Document Type

Article

Publication Date

6-9-2026

Comments

This article is the author’s final published version in Blood Advances, Volume 10, Issue 11, 2026, Pages 3960-3965.

The published version is available at https://doi.org/10.1182/bloodadvances.2025019400. Copyright © 2026 American Society of Hematology.

Abstract

The Cure Sickle Cell Initiative (CureSCi), created by the National Heart, Lung, and Blood Institute, has developed data standards to increase interoperability and meta-analysis of studies specifically investigating gene therapy for sickle cell disease (SCD). The aims of the CureSCi Common Data Elements (CDE) initiative are to facilitate the development of safe, effective, and accessible gene therapies. Five working groups (WGs) comprising people living with SCD, stakeholders, clinicians, and researchers reviewed current definitions used for SCD clinical studies, including those from the American Society of Hematology, US Food and Drug Administration, PhenX catalog of consensus measures for phenotypes and exposures, and others.
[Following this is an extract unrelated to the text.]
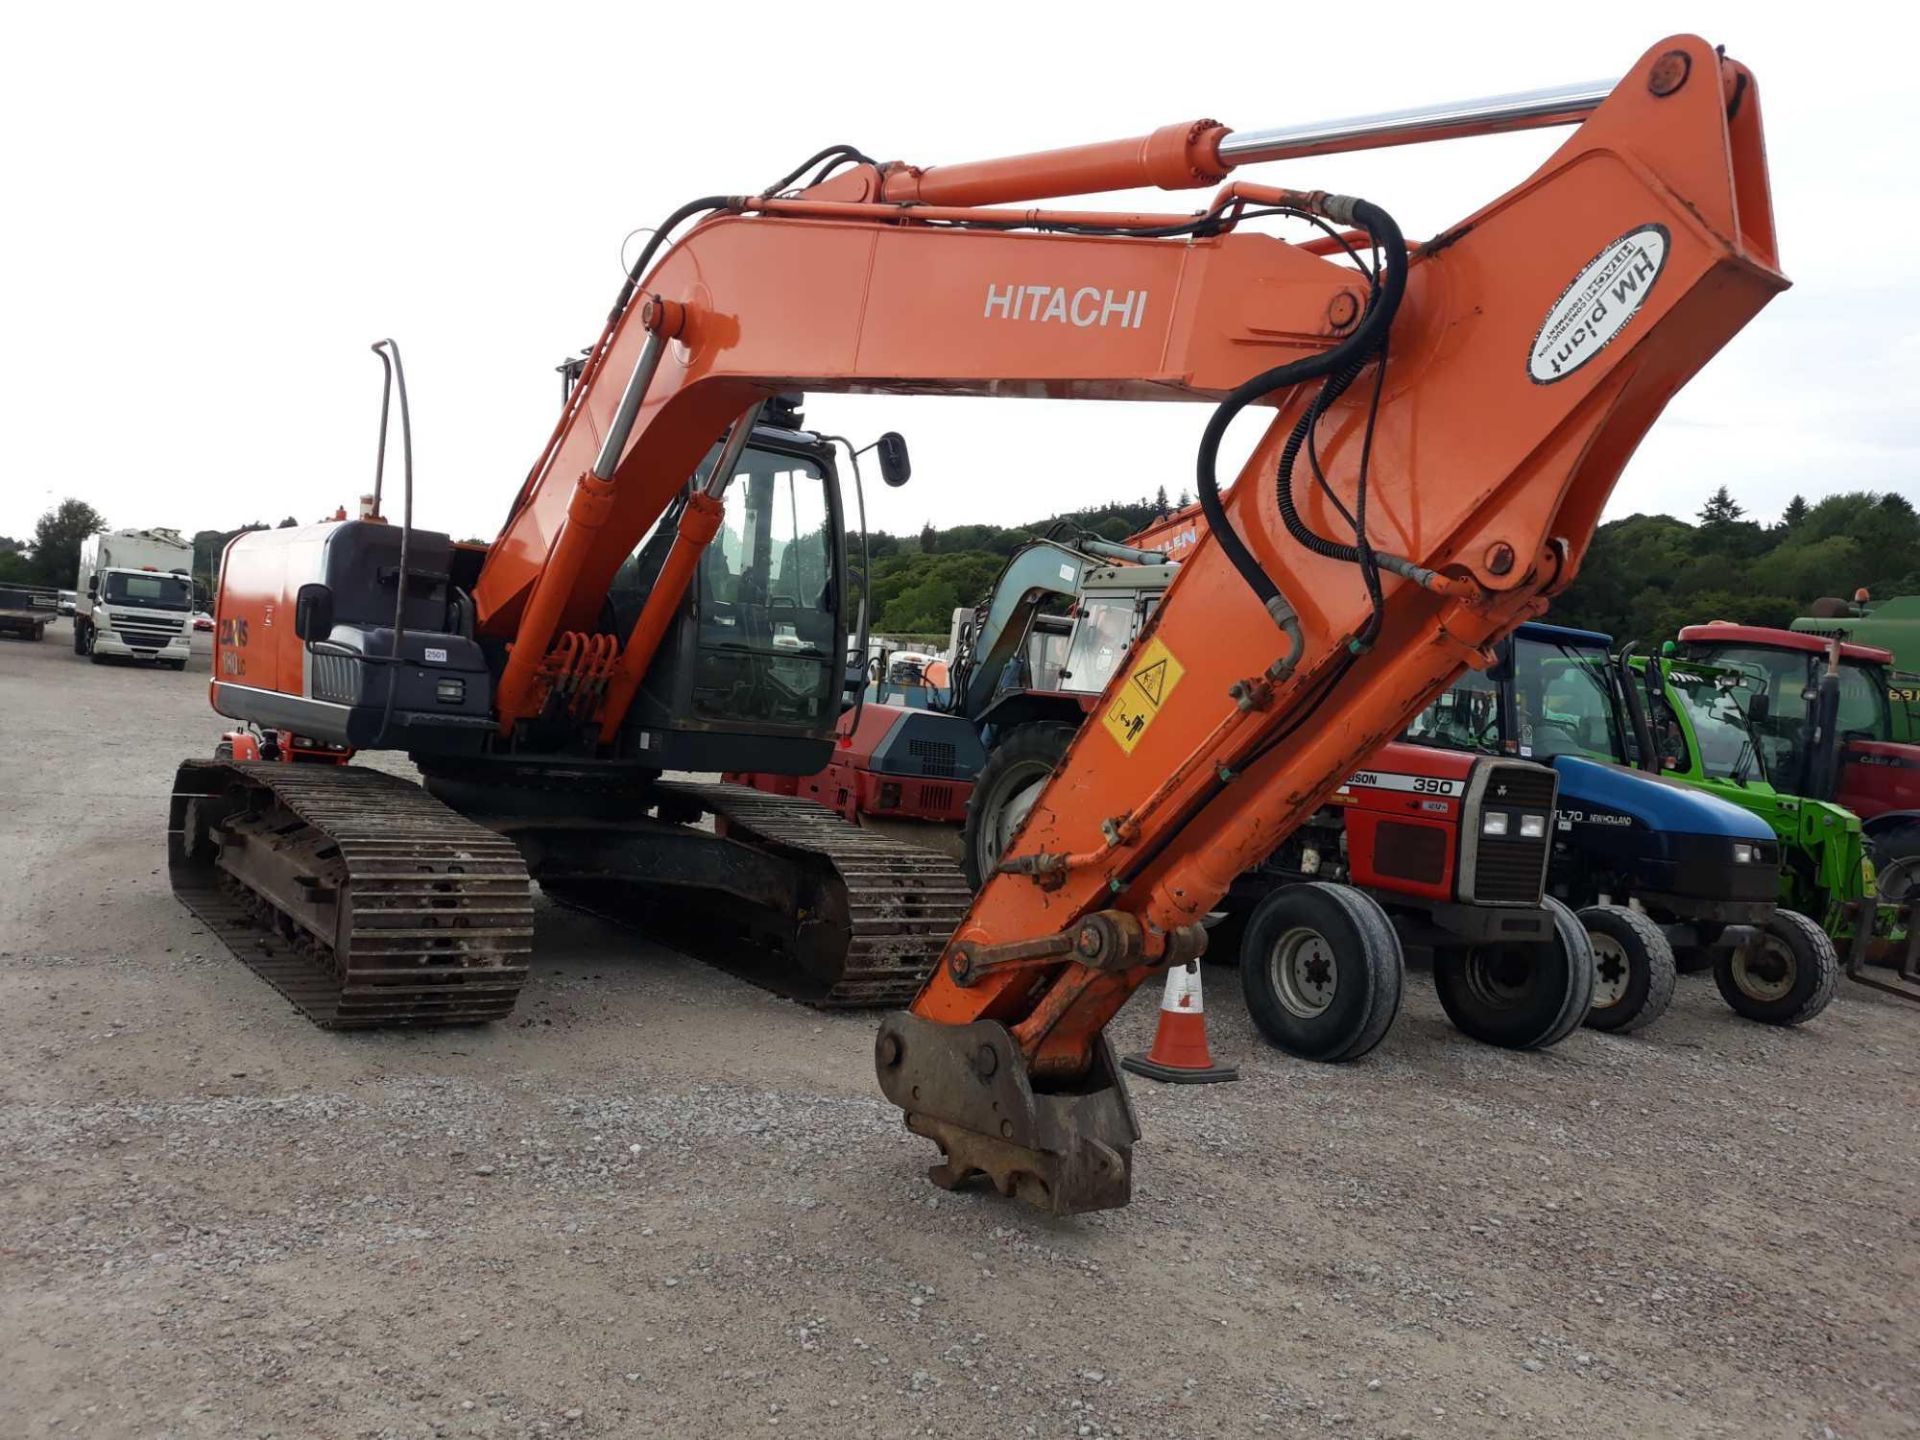 Hitachi ZX180LC-3 Excavator, Year 2008, 8140 hours displayed - not warranted, Key in PC, + VAT - Image 4 of 6

The WGs met over 1.5 years to develop a comprehensive list of defined data points and variables recommended for any gene therapy clinical trial that incorporated feedback from a 60-day public review period. The SCD CDEs are publicly available on the CureSCi (curesickle.org/datatools-overview) and the National Institutes of Health (NIH) Repository (cde.nlm.nih.gov/home) websites. In addition to data elements, there are 42 instrument recommendations, including those from the Patient-Reported Outcomes Measurement Information System and NIH Toolbox, and 49 template case report forms for various stages of a study (eg, demographic, disease history, treatment, and outcome). CureSCi data element recommendations build upon current consensus data elements and facilitate the start-up of multicenter clinical research efforts. This standardized set of clinical research recommendations will increase the ability to compare outcomes across studies, increase data quality, and help educate new clinical investigators in the field of SCD gene therapy research.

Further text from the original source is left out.